An Austrian composer of Hispanic heritage, Marianne Martinez (1744-1812) was the only woman known to have composed a symphony during the Classical Period. As a woman, she couldn’t be employed by a church or noble family as a composer (the way that most composers formally worked then), so she wrote for friends and social events.

Maria Theresia Paradis
Maria Theresia Paradis. Public domain.

By the time Maria Theresia Paradis (1759-1824) was 5 years old, she’d gone blind. She also became a performing singer and pianist in Vienna, later became a composer, and helped establish a school for the blind, and a music school for girls. Oh, and Mozart’s Piano Concerto No. 18 in B flat major (K. 456) is rumored to have been written for her. Git. It. Girl!

Louise Farrenc (1804-1875) was a pianist, composer, professor, and author. By 15, her skills were so apparent that her parents sent her to study (privately) at the Paris Conservatory. Later, with her husband Aristide Farrenc, she performed throughout France. She was the only female professor at the Paris Conservatory in the 19th century; for the first decade, she was paid less than her male colleagues. But after the premiere of her Nonette with violinist Joseph Joachim was a success, she demanded and got equal pay.

Fanny Mendelssohn
Fanny Mendelssohn.

Like her brother Felix, Fanny Mendelssohn Hensel (1805-1847) received a musical education as a child. But when they got older, Felix was encouraged to make a career of it while Fanny was told by her father that, “Music should be an accomplishment, an adornment, and never a career for women.” Fanny and Felix were supportive of each other and Felix published some of Fanny’s pieces under his name. When Fanny got married, her husband was supportive of her musical career and she was finally able to publish her own work under her own name. She composed over 400 works in her lifetime.

Clara Schumann
Clara Schumann around 1850. Photo by Franz Seraph Hanfstaengl. Public domain.

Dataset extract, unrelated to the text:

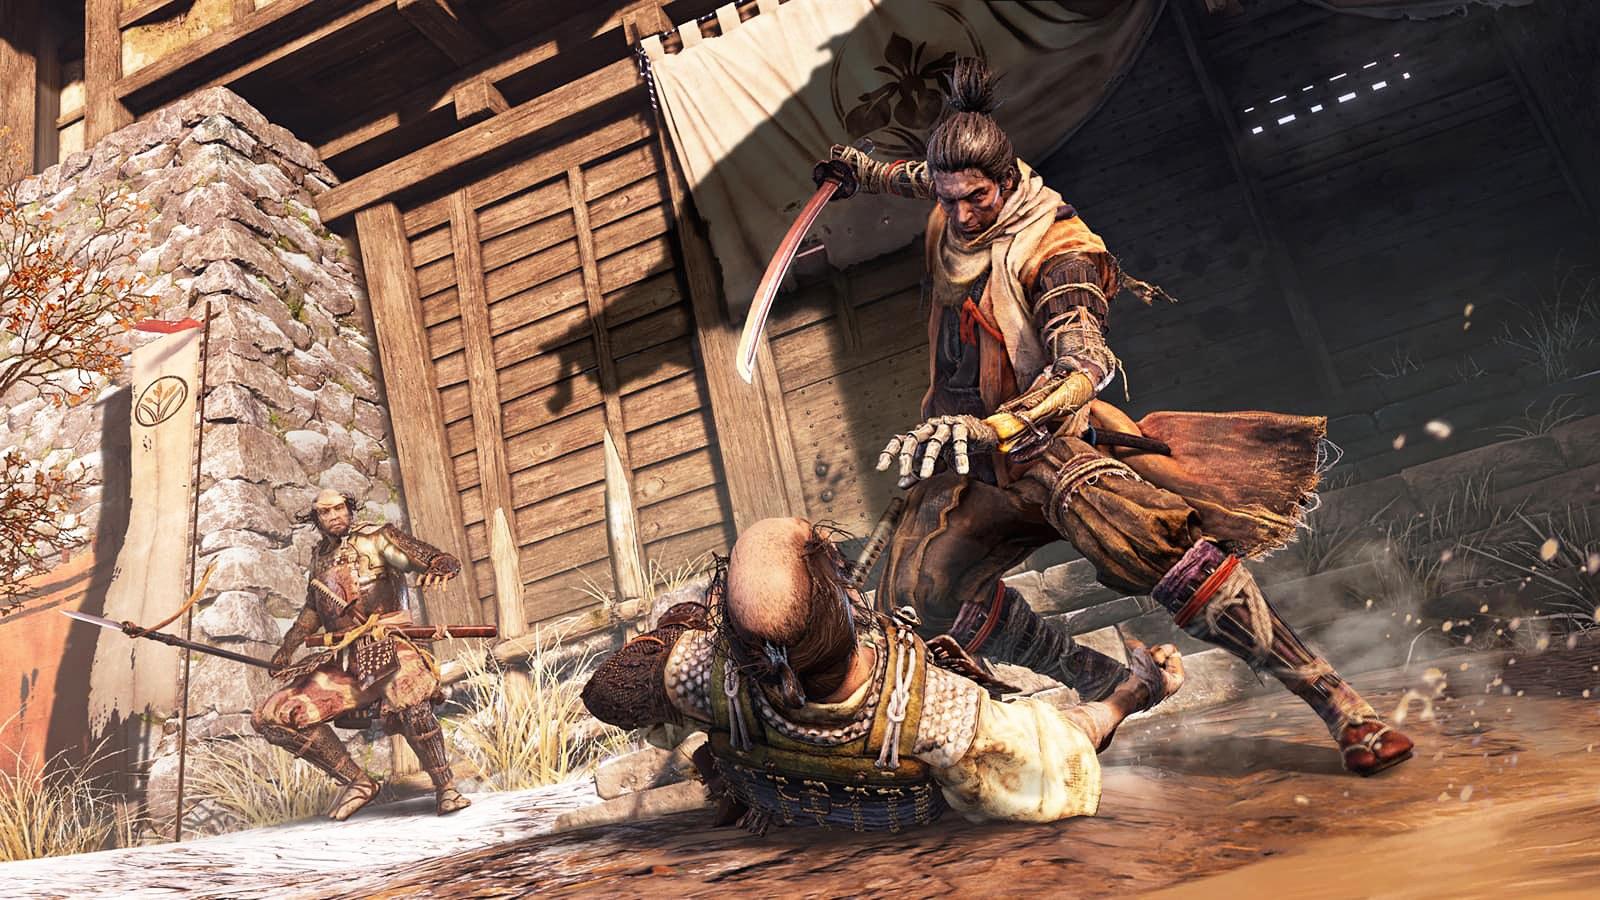 Sekiro: Shadows Die Twice' Review: Why I Love Games That Kick My Ass

Clara Schumann (1819-1896) was a composer, a multi-instrumentalist, a teacher, and a performing artist. Clara’s father decided that he would raise a great musician before she was even born. And that he did: Clara was concertizing by age 12, and – though uncommon for women at the time – continued to do so. She married Robert Schumann (much to her father’s chagrin). They both taught at the Conservatory in Leipzig. Clara became a known as an interpreter of Robert’s work. She also raised their 8 children when Robert was institutionalized for mental illness and then passed away. Clara’s own compositions remained unknown until the later 20th century and many are still unpublished.